Al comenzar el camino de Reiki Angélico es natural asociar la práctica a las iniciaciones, las sesiones, las meditaciones, los símbolos, los decretos y las diferentes técnicas aprendidas durante la formación. Sin embargo, con el tiempo, el practicante descubre que el verdadero aprendizaje no se limita a esos momentos, sino que comienza a reflejarse en la vida cotidiana. La conexión con los Ángeles y Arcángeles, y el contacto con las cualidades de los Siete Rayos, pueden inspirar nuestra manera de pensar, sentir y relacionarnos con los demás. La serenidad, el amor, la sabiduría, la fuerza, la pureza, la verdad, la paz o la capacidad de transmutar aquello que ya no necesitamos pueden dejar de ser conceptos aprendidos para convertirse progresivamente en cualidades que expresamos en nuestra propia vida. Poco a poco, las enseñanzas dejan de ser un conjunto de conocimientos y técnicas para convertirse en una forma más consciente de comprender la vida y recorrer nuestro propio camino con mayor equilibrio y claridad. En Reiki Angélico, las técnicas, los símbolos, las invocaciones y los decretos son herramientas, nunca un fin en sí mismos. Su propósito es ayudarnos a establecer una conexión cada vez más consciente con nuestra naturaleza divina y con las energías del Reino Angélico, para que aquello que experimentamos durante la práctica pueda integrarse en nuestra vida.
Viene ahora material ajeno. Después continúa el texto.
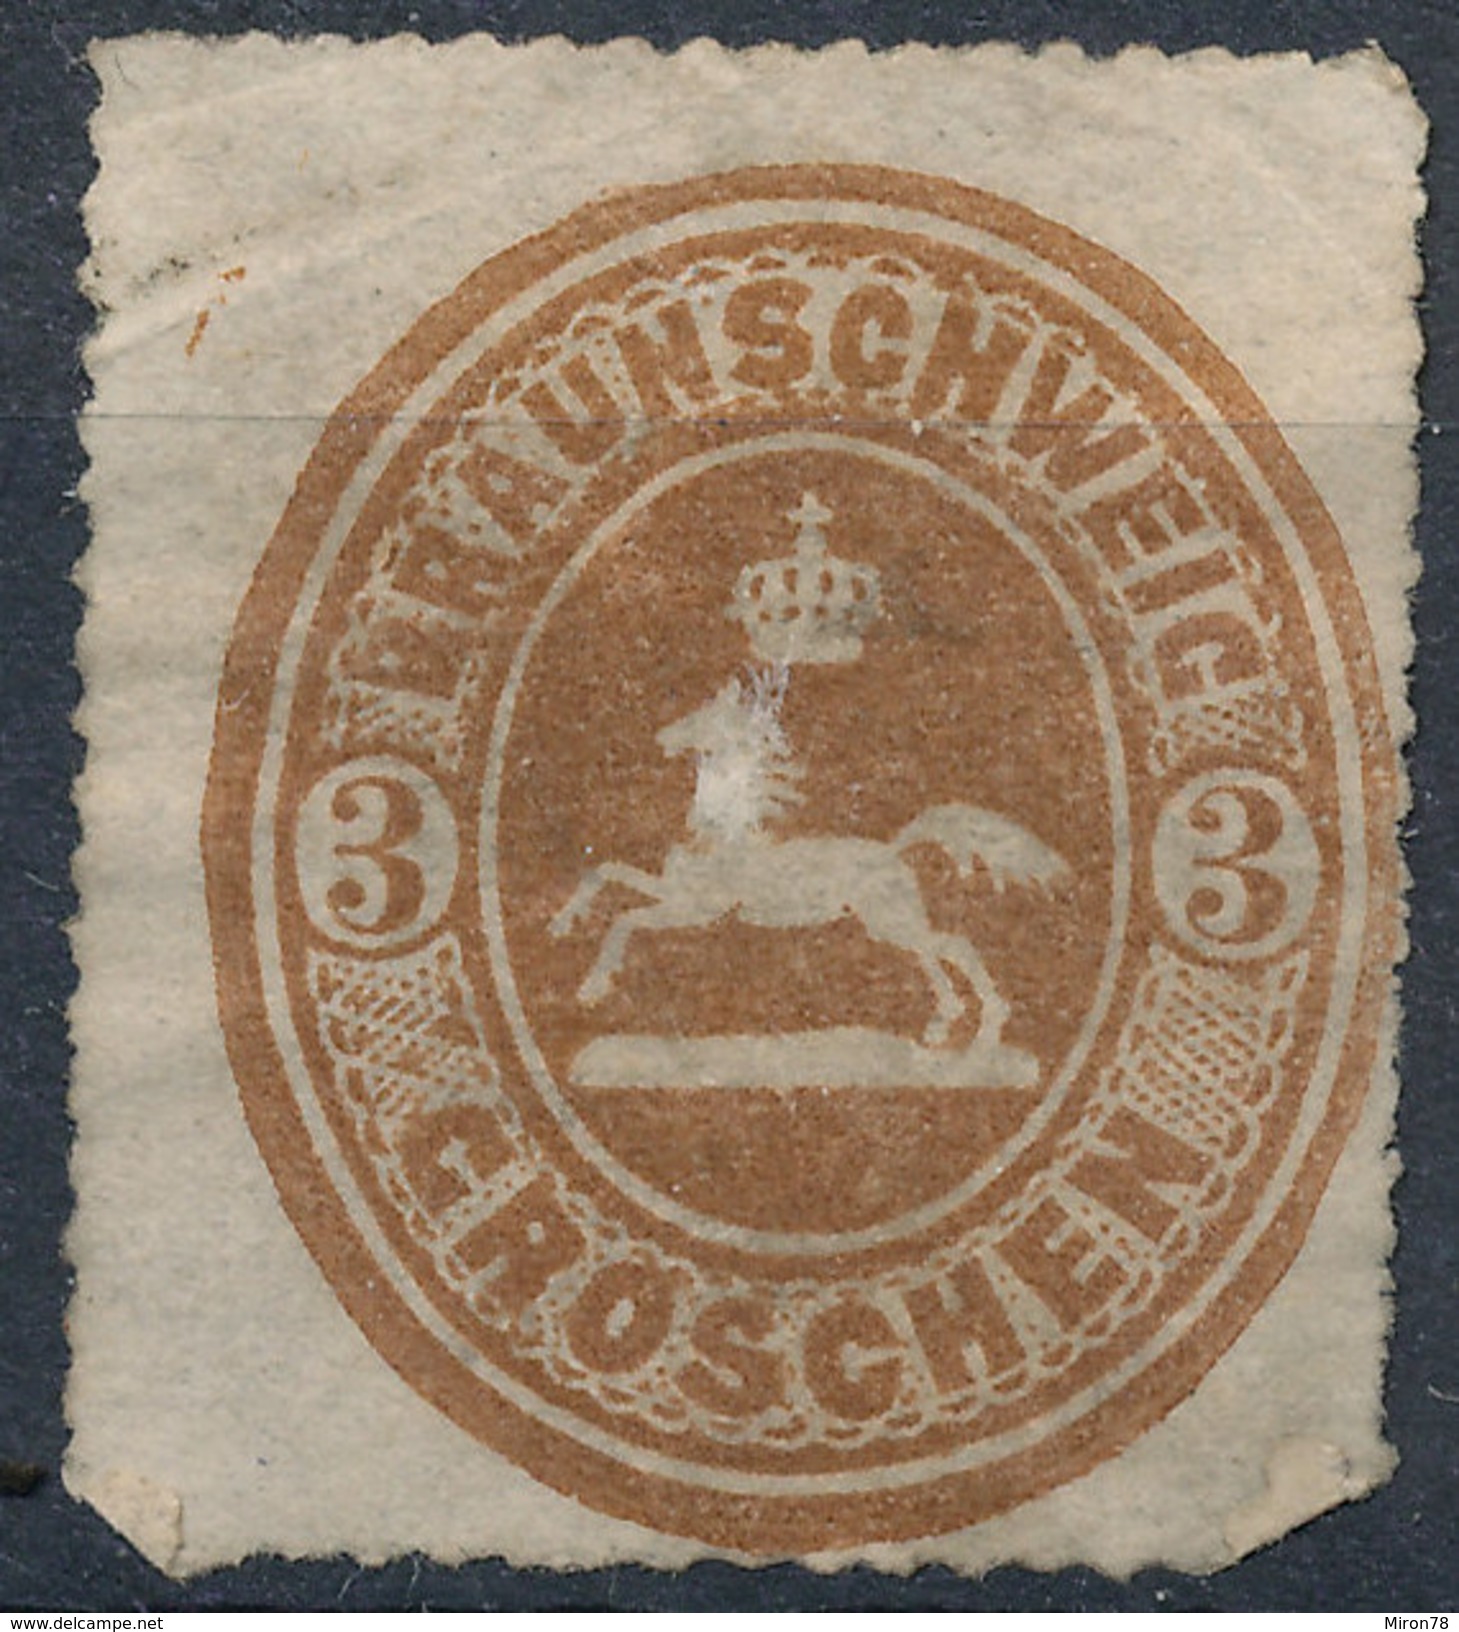 Stamp   1865 3gr  Mint - Brunswick
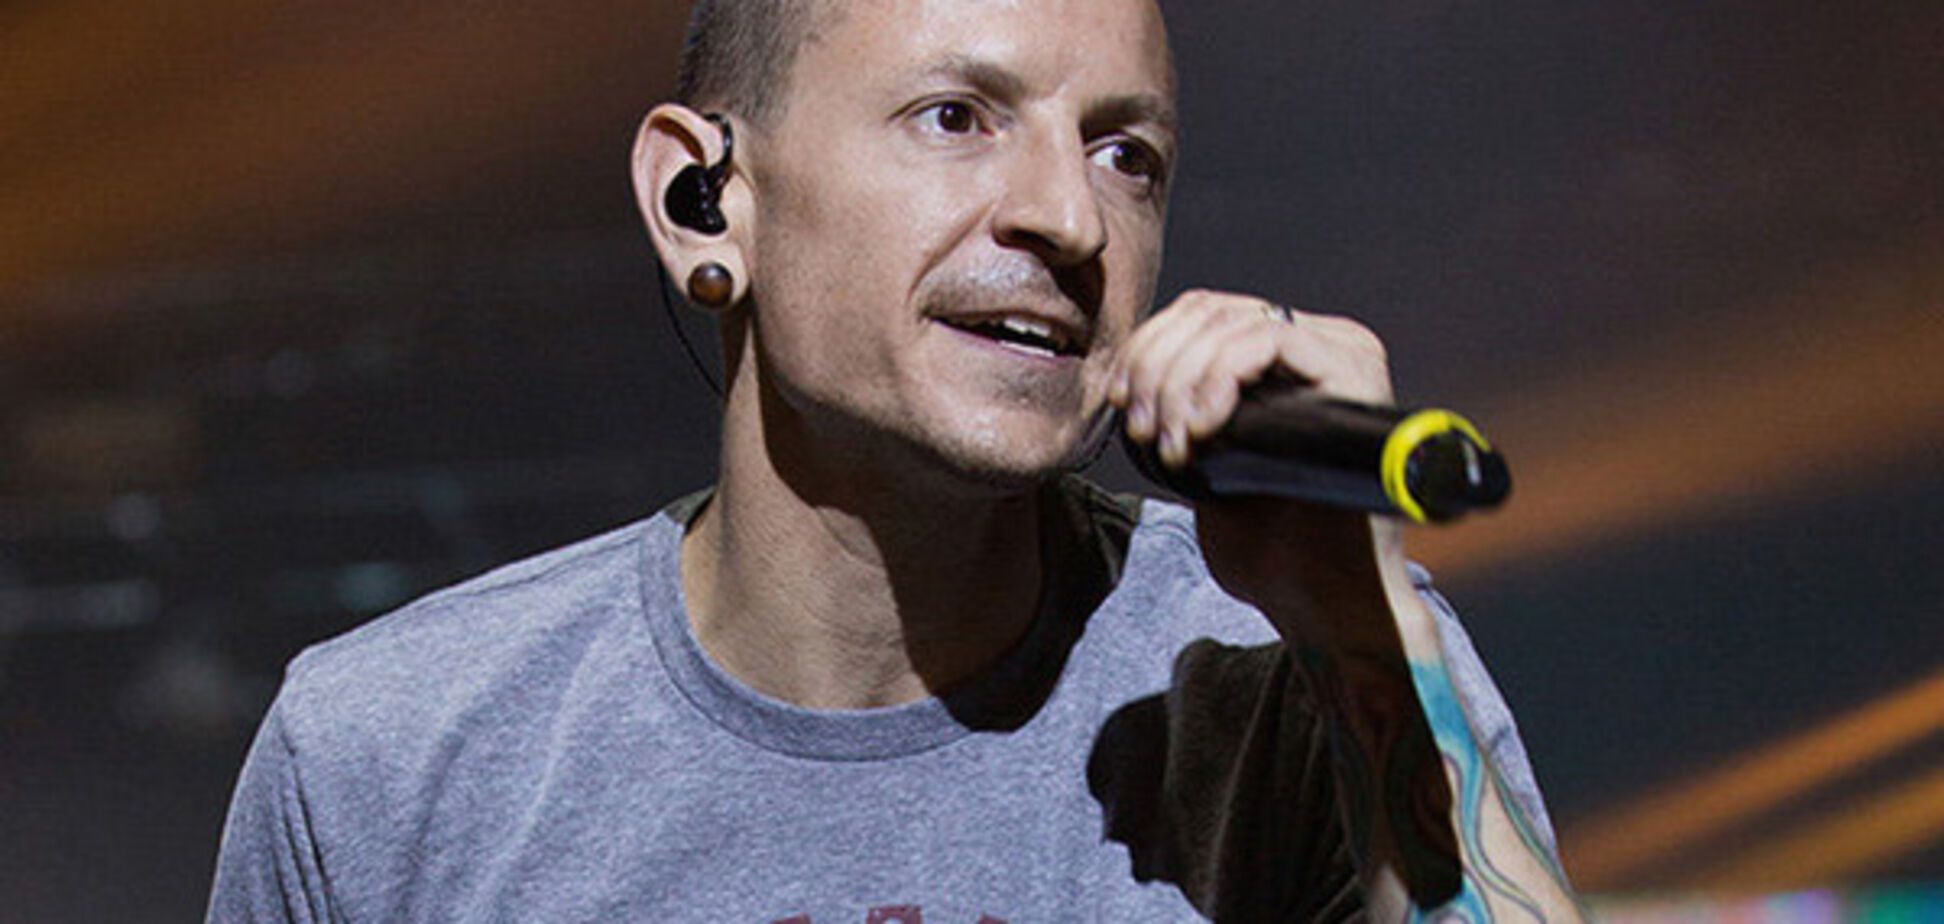 Честер Беннінгтон, Linkin Park

Vivir Reiki significa llevar esa conexión más allá de la sesión. Significa permitir que la Luz que invocamos inspire nuestras decisiones, que las Virtudes Divinas orienten nuestras acciones y que nuestra relación con los Ángeles se exprese también en nuestra manera de estar en el mundo. Porque, al final, Reiki Angélico no consiste solamente en hacer Reiki, sino en permitir que Reiki transforme progresivamente nuestra manera de vivir, sentir y ser.

Sesión de yoga al aire libre

Comunidad Reiki.

El Reiki Angélico no es solo una enseñanza; es también un camino que se vive mejor acompañado. Por eso, este espacio nace con la intención de crear una comunidad real de alumnos y practicantes donde cada persona pueda aprender, compartir experiencias y seguir creciendo después de cada curso o iniciación. Mi propósito es que quienes forman parte de esta comunidad no se sientan solos en su proceso. Aquí encontrarás un entorno cercano y respetuoso donde conectar con personas afines, practicar Reiki entre compañeros y seguir profundizando en tu desarrollo personal y energético. A lo largo del año organizaremos encuentros, prácticas grupales, meditaciones, retiros y actividades pensadas para fortalecer los vínculos entre alumnos y mantener viva la experiencia del Reiki en el día a día. Más que una formación puntual, la idea es construir un espacio humano donde puedas seguir practicando y aprendiendo, compartir inquietudes y experiencias, conocer a otros alumnos, participar en retiros y encuentros presenciales, y formar parte de una comunidad basada en el respeto, la conciencia y el crecimiento personal. Cada persona aporta algo único al grupo, y juntos creamos un entorno de apoyo, escucha y evolución compartida. Bienvenido/a a una comunidad donde el Reiki continúa más allá de una sesión o un curso.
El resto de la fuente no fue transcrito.